We should definitely think about this more. Consider the different attack scenarios and range of needed response. We are working on spec’ing out what migrating the contract would look like in a future non-attack HF, and this might illuminate some of the procedures that could be taken in the event of an attack/hack. I’ll post here when we have something more concrete.

100% agree it’s time to discuss and think through this some more. Thank you for bringing it up. It’s been something that has been simmering on low in the back of my mind, but now is a good time to dig in.

liangcc · May 7, 2018, 12:37pm

Come up with this plan with Danny. We have some scenarios of successful attacks and the respective hard fork strategies. Feedbacks are welcomed .

gist.github.com

https://gist.github.com/ChihChengLiang/3f138c896721a519b9d438e9d75e77d4

Casper_Contingency_plan.md

# Casper Contingency Plan

[toc]

## Scenarios that trigger the plan

- Contract bug that can increase arbitrary deposit to a validator. 
    - Fix:
        - [R] Need to adding an assert line in a function.
        - [W] Need to add a new varible in validator struct to track new info.

This file has been truncated. show original

fubuloubu · May 7, 2018, 12:59pm

Awesome! This is exactly what I like to hear as a response, that we have plans and procedures in place for failures and how the clients and validators can mitigate certain classes of events.

It’s really the right time to be thinking about contingencies, as rollout occurs and issues arise we have an analysis to point to as a guideline for what we should do in moments of crisis.

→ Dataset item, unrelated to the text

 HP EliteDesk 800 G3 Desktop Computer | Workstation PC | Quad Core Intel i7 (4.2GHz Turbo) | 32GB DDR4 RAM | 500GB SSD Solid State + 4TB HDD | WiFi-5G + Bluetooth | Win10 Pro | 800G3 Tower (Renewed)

If only more smart contract systems developed such documents, we could respond to scenarios in a much faster and more formal way, and build scripts and tools for helping us to mitigate any scenarios that are uncovered.

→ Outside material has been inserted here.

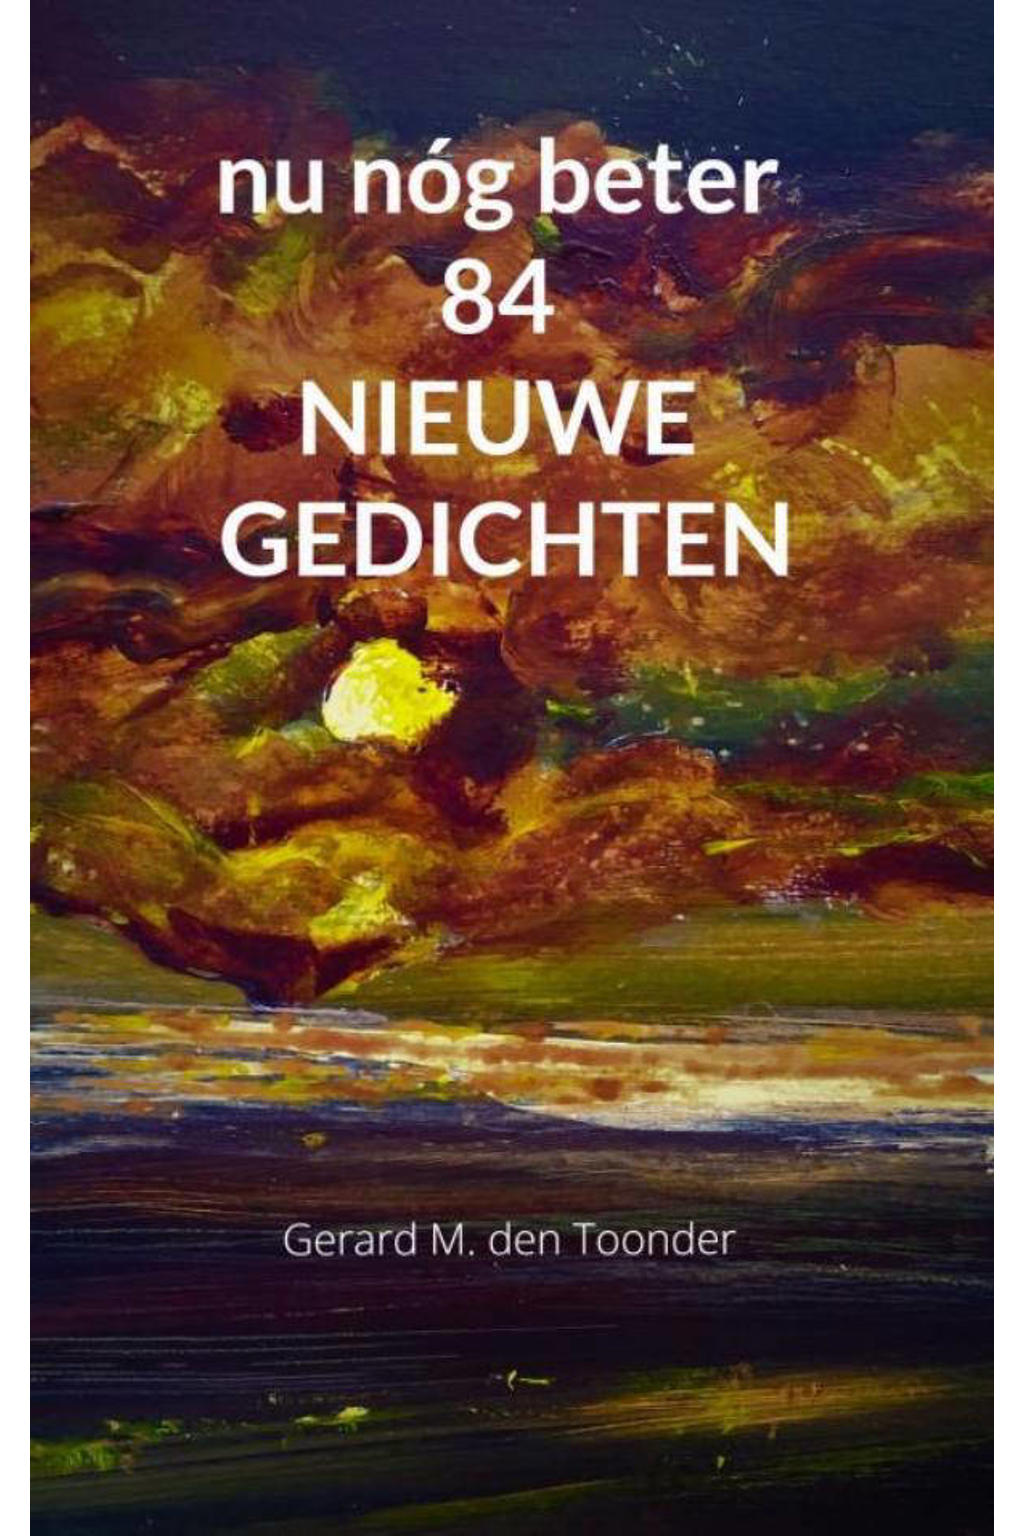 nu nóg beter 84 NIEUWE GEDICHTEN - Gerard M. Den Toonder

I will have to take a look at that document and comment when I get a chance. I’m really very excited for Casper FFG’s release on the main net following Vitalik’s presentation at EdCon, as well as Karl and Vlad’s presentations.

fubuloubu · May 7, 2018, 1:29pm

Also, in a similar vein, do you guys have an “envelope expansion plan”? (Excuse the aerospace-y terms)

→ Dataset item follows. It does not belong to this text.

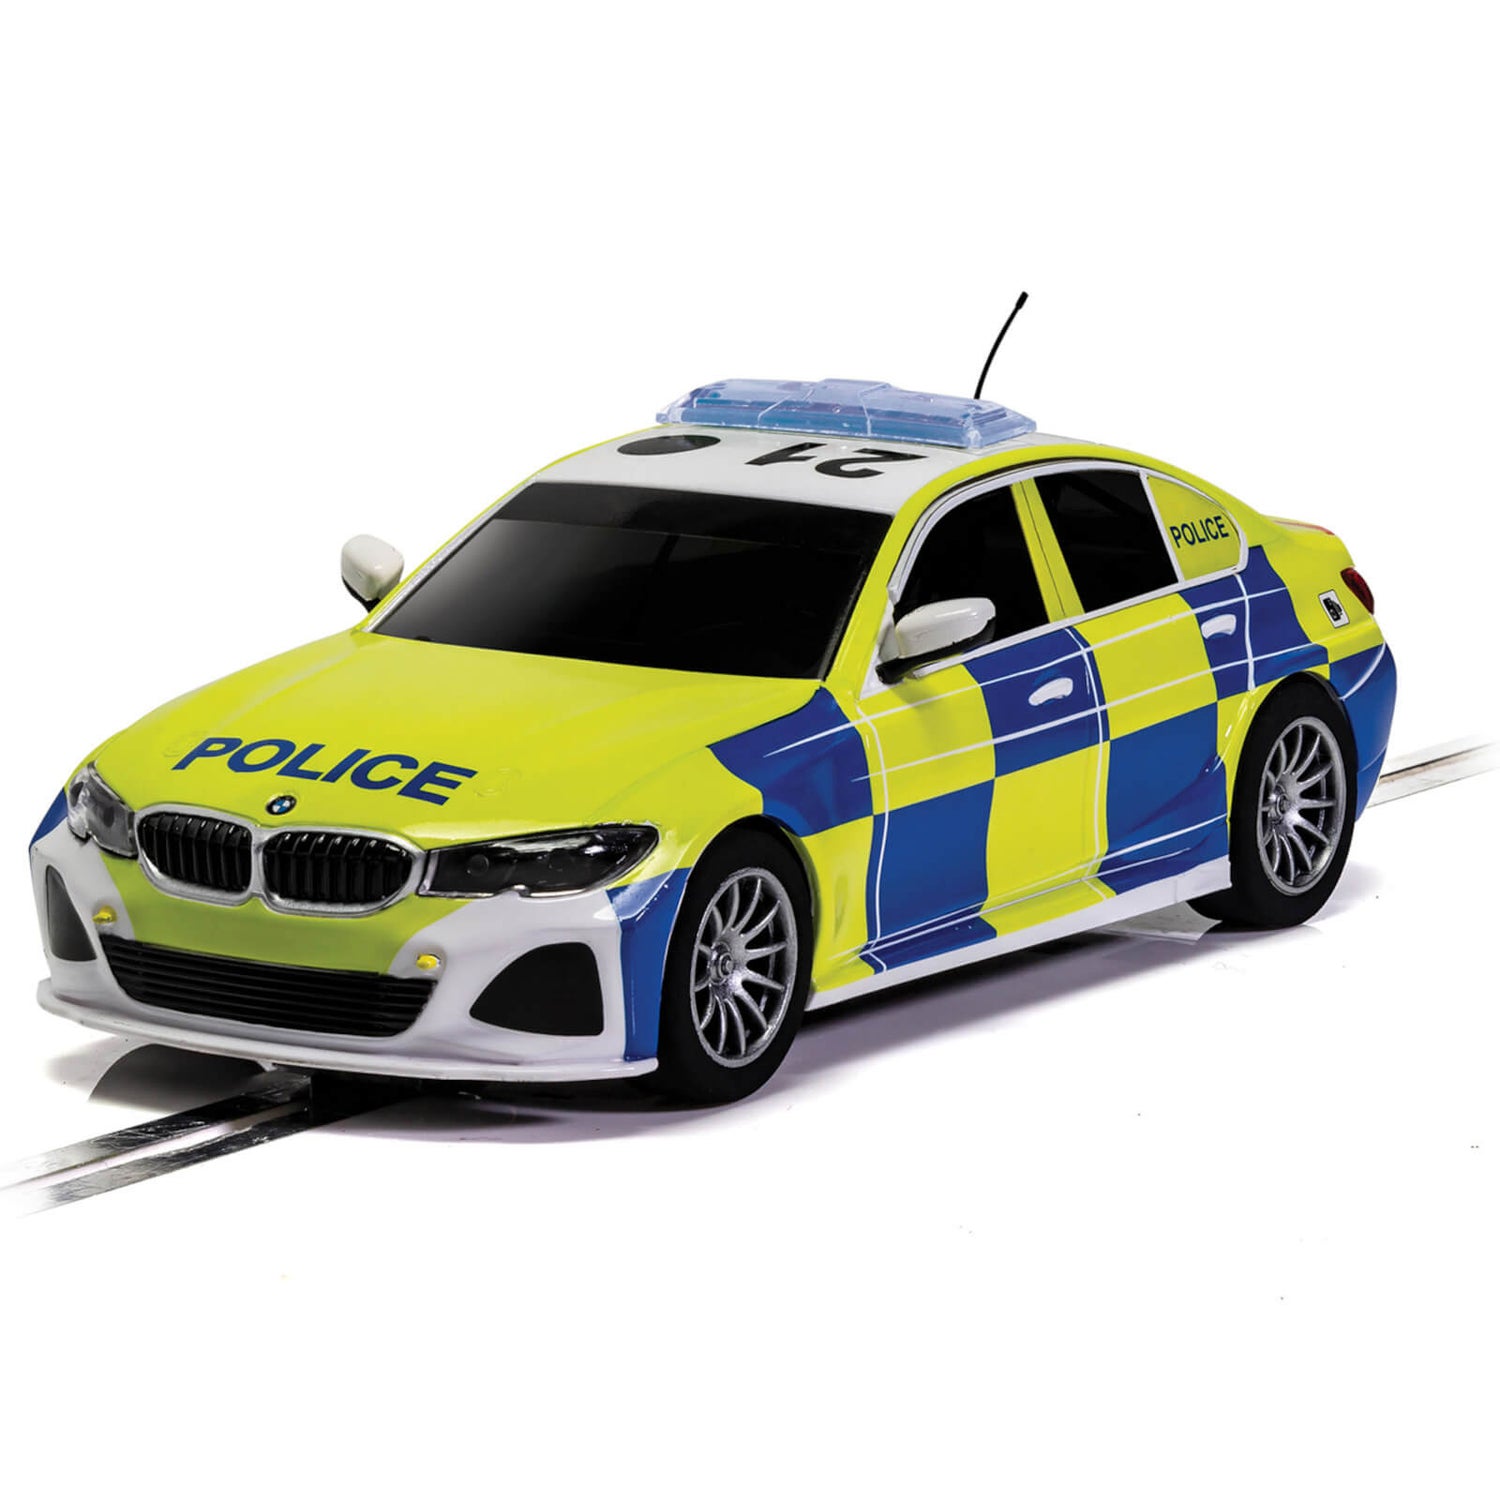 BMW 330i M-Sport - Police Car (1:32 Scale Slot car)

Such a plan would include an analysis of how the system should grow as it becomes adopted, and what would happen in case there’s too much or not enough interest, both initially and over time. I know the system is incentivized towards 10M ether (IIRC), is that the only metric for success? What should the growth and adoption curves look like for a successful release? (+/- some error bounds) What would lead to calling the trial a failure in terms of hard numbers? (Which would trigger a re-parameterization effort and/or a mechanism redesign)

data · June 8, 2018, 12:11am

I assume that the verification of the contract will include @djrtwo’s condition that all valid routes out of the contract involve a 4-month delay.

If however the quick withdraw from the above document becomes true, the proposed solution in the document above is to revert to a previously finalized block. There might also be scenarios not described yet that require such a reversion(?).

By reverting, we will necessarily revert some operations on the blockchain. At least for value transfers, would a recovery fund as proposed before be an option? The intention here is to not have users bear the cost of core protocol breakage. However, a pure recovery fund will probably not cover a substantial subset of smart contracts, such as ERC721 tokens etc., so it is probably too specialized a solution?

PS: Good initiative. I think both update & recovery options need to be clear before deployments to the mainnet, no matter how well verified and proofread the contract is. This goes doubly so for the economic incentivization.